Aavo Sarap

Personal information
- Date of birth: 21 April 1962 (age 64)
- Place of birth: Tallinn, then part of Estonian SSR, Soviet Union
- Height: 1.80 m (5 ft 11 in)

Managerial career
- Years: Team
- 1995: Estonia
- 2004–2009: Kalev
- 2009: Atlantis
- 2011: Gnistan

= Aavo Sarap =

Estonian football coach

Aavo Sarap (born 21 April 1962 in Tallinn) is an Estonian football coach.

==Coaching career==
Sarap has also coached the Estonian national team during 1995.
In 2004 Aavo Sarap became the head coach of then in II Liiga JK Tallinna Kalev. The team was promoted to Esiliiga where they missed out on promotion in 2005, but in 2006 Sarap lead Kalev to promotion playoffs where they beat JK Viljandi Tulevik in two match aggregate by an away goal. In 2007 Sarap lead Tallinna Kalev to 6th-place finish as the best amateur team in the top division Meistriliiga.

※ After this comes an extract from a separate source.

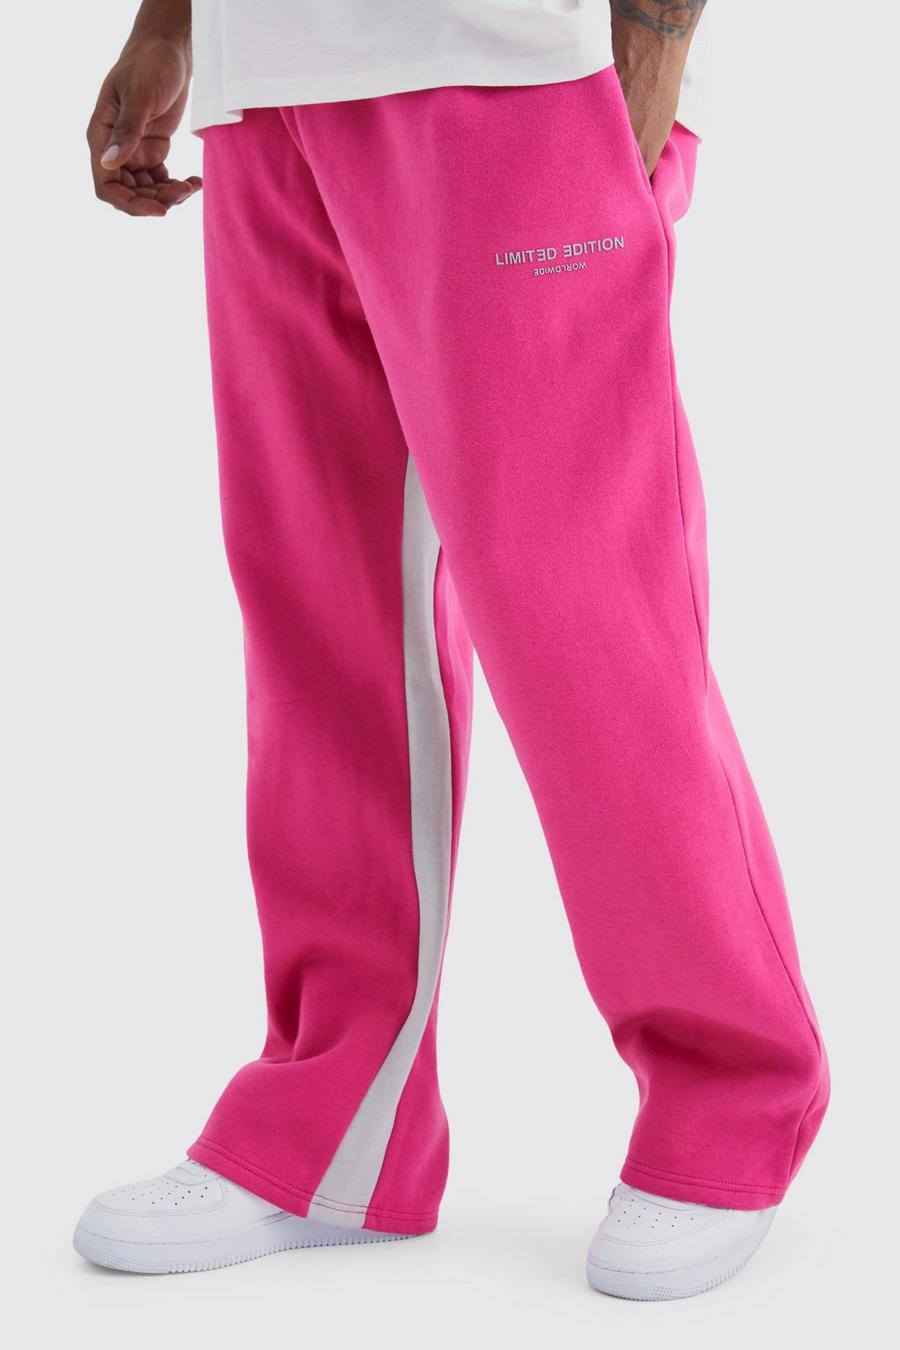 Pantalón deportivo Plus Regular con refuerzo Limited, Bright pink
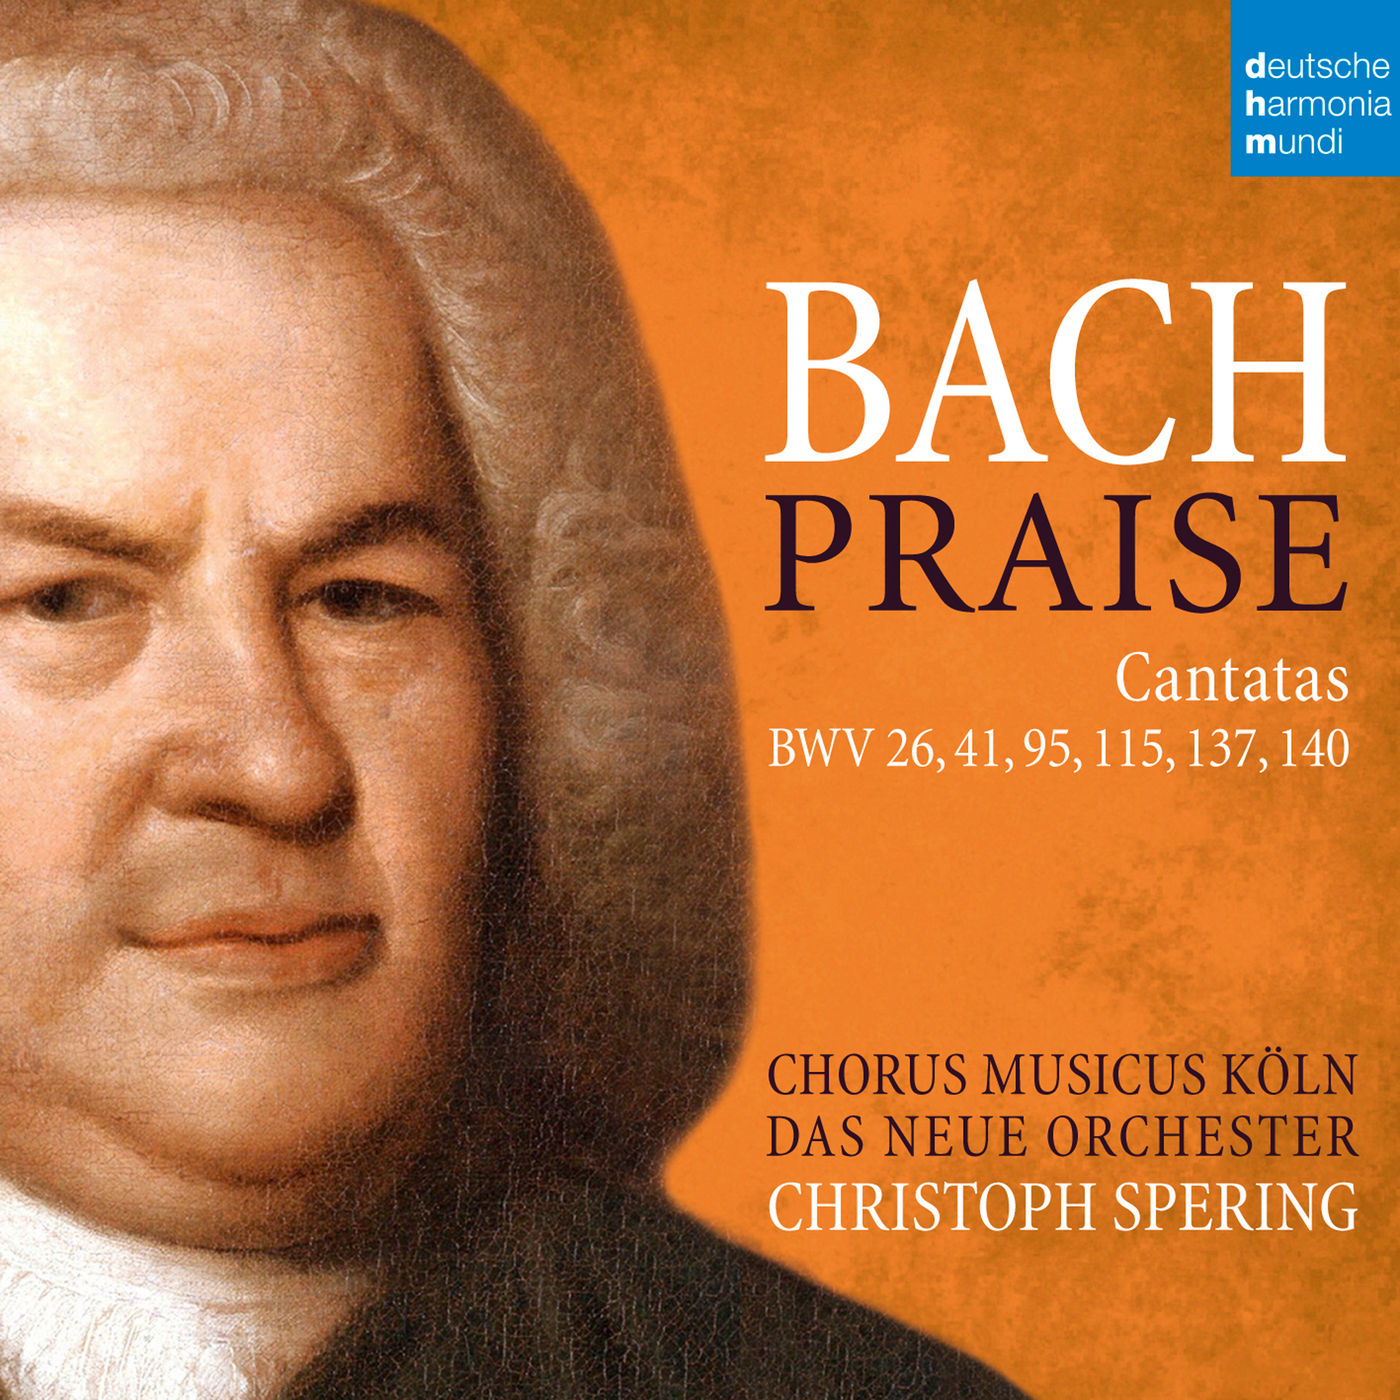 Christoph Spering - Bach: Praise - Cantatas BWV 26, 41, 95, 115, 137, 140 (2020) [FLAC 24bit/48kHz]

In 2008 the club again impressed by staying in the top division after finishing 8th this time around. In 2009 when Kalev was on the verge of relegation Tallinna Kalev's and Aavo Sarap's successful alliance found its end.
Sarap is also the former coach of Atlantis FC and descended with the team in the 2009 season. He worked as the head coach of IF Gnistan in 2011.